Desi Franklin has decided to take on the job of starting a real conversation on the subject of race in Memphis, Tennessee, and I commend her for it, and hope that you and I can lend a hand to this worthwhile endeavor.
This is a conversation that those of us must have if we are serious about bringing this city back from the precipice. There is much right with this city, and there is much wrong with this city, and we need to move it in the right direction.
I contend, however, as I have noted at that post, that you MUST include class and economics in this discussion in order to have a clear view of where we are, how we got here, and how we must improve the city. Without understanding how economics fits into the equation, we leave out the elephant in the room. I have to point out that only when Dr. King began to talk about economics was he considered dangerous outside the South and Midwest. It was also when he was murdered.

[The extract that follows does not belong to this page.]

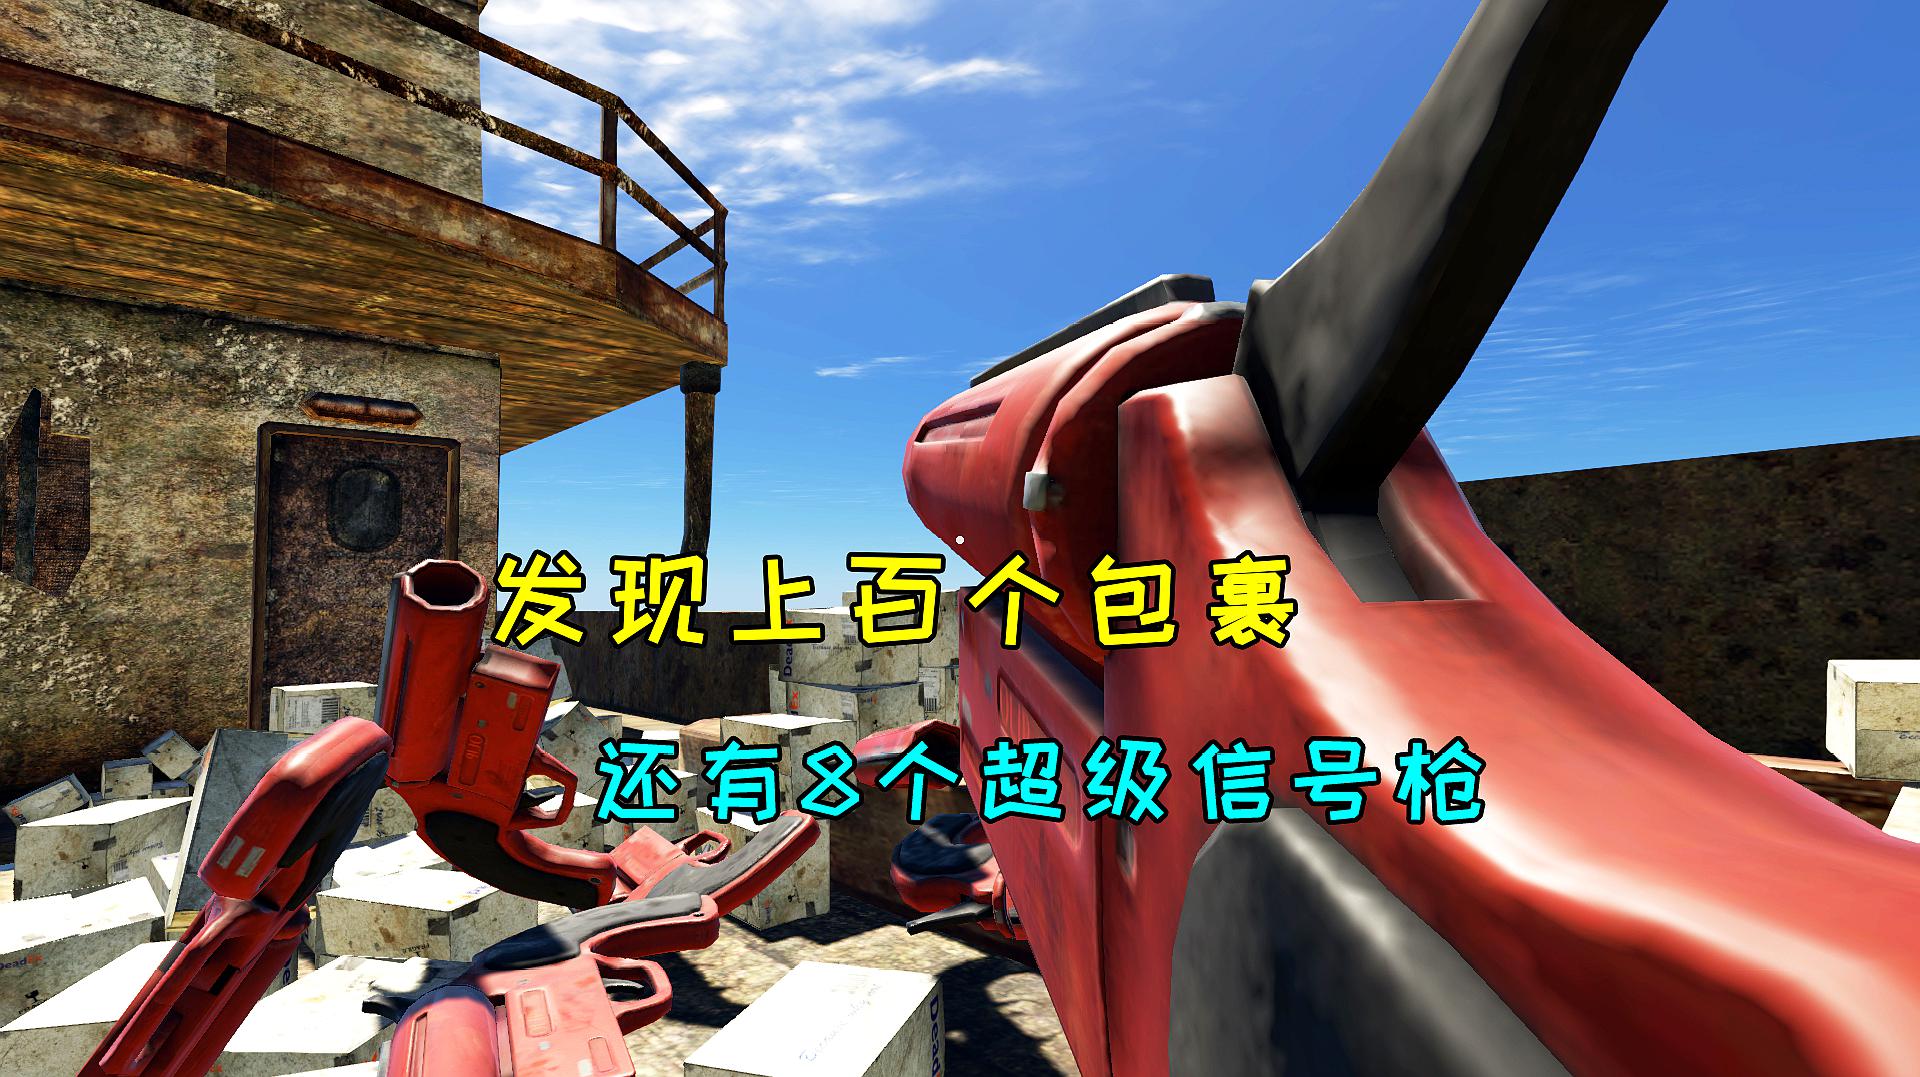 小辉哥游戏解说:生存类游戏《荒岛求生》之m78的视频大全

Nonetheless, I want to be a part of this ongoing conversation, and if you love Memphis, you should, too.
Go on over there.
2 comments:
LWC: You make a good point about the intersection of economics, class and race in Memphis. If we're serious about it, we need to look at economic development policies - the tax freezes that strengthen them - that rely on a lower class to deliver up the low-wage, low-skill jobs that we've bust our rear ends to get. As a result, we have problems that embrace both white and blacks, although of course they embrace the latter disproportionately. But if we're serious about arriving at solutions, we have to be equally serious about examining the institutional interests that produce precisely the city that they set out to create. More to the point, it creates a culture of scarcity, where a "if you're winning, I must be losing" attitude proliferates. We definitely need a culture of abundance, but there are more than racial barriers to clear. There are the very real economic barriers that are at the root of so many of our problems.
Well said, comment number one above. Nothing will change without mutual sacrifice, mutual forgiveness and mutual compassion. We can't change the past, be it 40 years or 40 seconds ago. With perseverance, courage and empathy, we can shift the future toward a more humane world.